First thing Joey said this morning after waking up was, “I slept really good.  I had this awesome dream that I defeated a Jedi.”

And I was like, “Aren’t Jedi good guys though?”

“Sometimes they go bad.  This one went bad and I defeated him.”

“Did you have a light saber?”

“No.  I didn’t need one, I used the Israeli Defense Force’s martial art, Krav Maga.”

“I don’t even know what that is,” I told him.

“It’s like Tae Kwon Do only you use it for street fighting.

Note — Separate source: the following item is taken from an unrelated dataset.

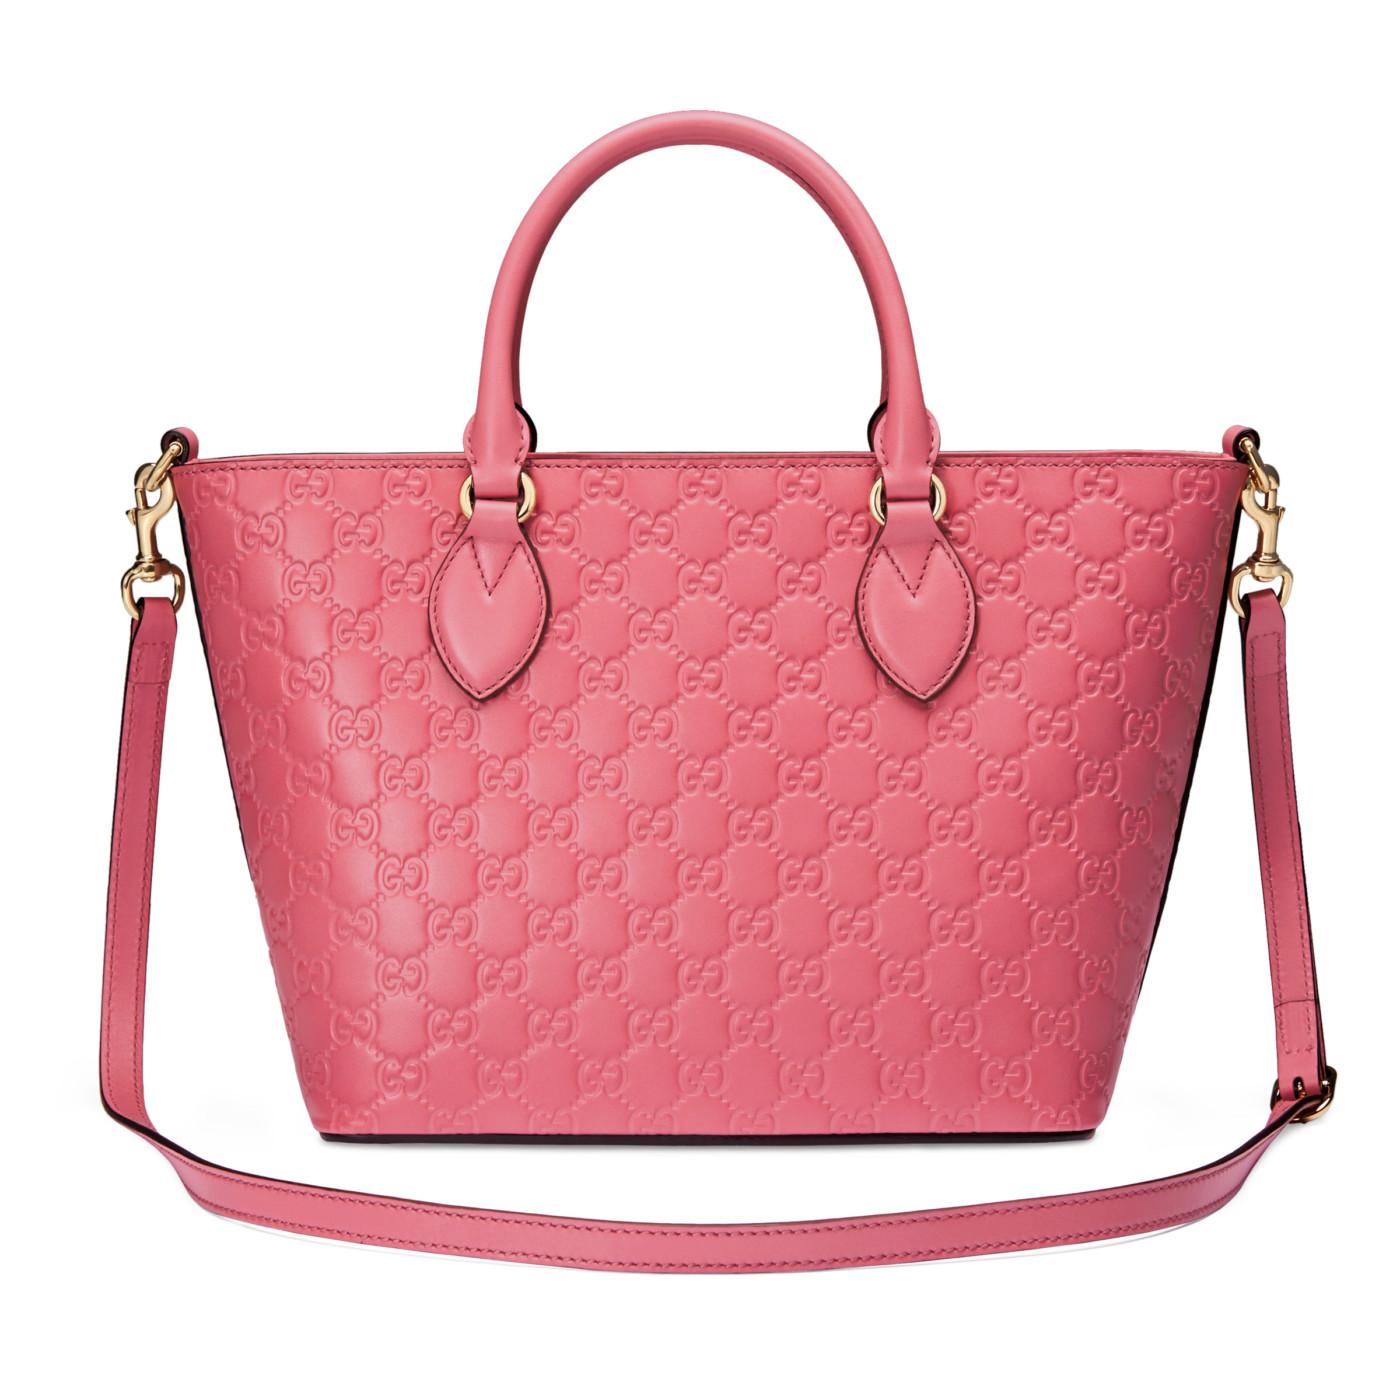 24052a8b5a382 Gucci Fuchsia Pink Leather GG Guccissima Signature Tote Satchel Bag

It’s awesome.” He said.

“That’s weird, ” I said.

Joey rolled over and said, “No, it’s not that weird.  Batman uses it in all the new movies.”

I couldn’t help it.  I had to laugh.  ”So…you’re Batman.”

Joey made a frustrated growling noise and said, “I’m not Batman, I just defeated the Jedi using Krav Maga.”

“I’ve still never heard of that before, I think you made it up.  But if Jedis go bad, what’s the point of being Jedi; I thought they were good guys?  I would probably go bad if I was a Jedi.”

Joey heaved a large sigh.  ”FIRST of all, the plural of Jedi is JEDI; there is no S on it.  Second of all, if you became a Jedi you wouldn’t even have to go bad, you’d just go annoying.”

There you have it, Internet.  My husband says I’m annoying.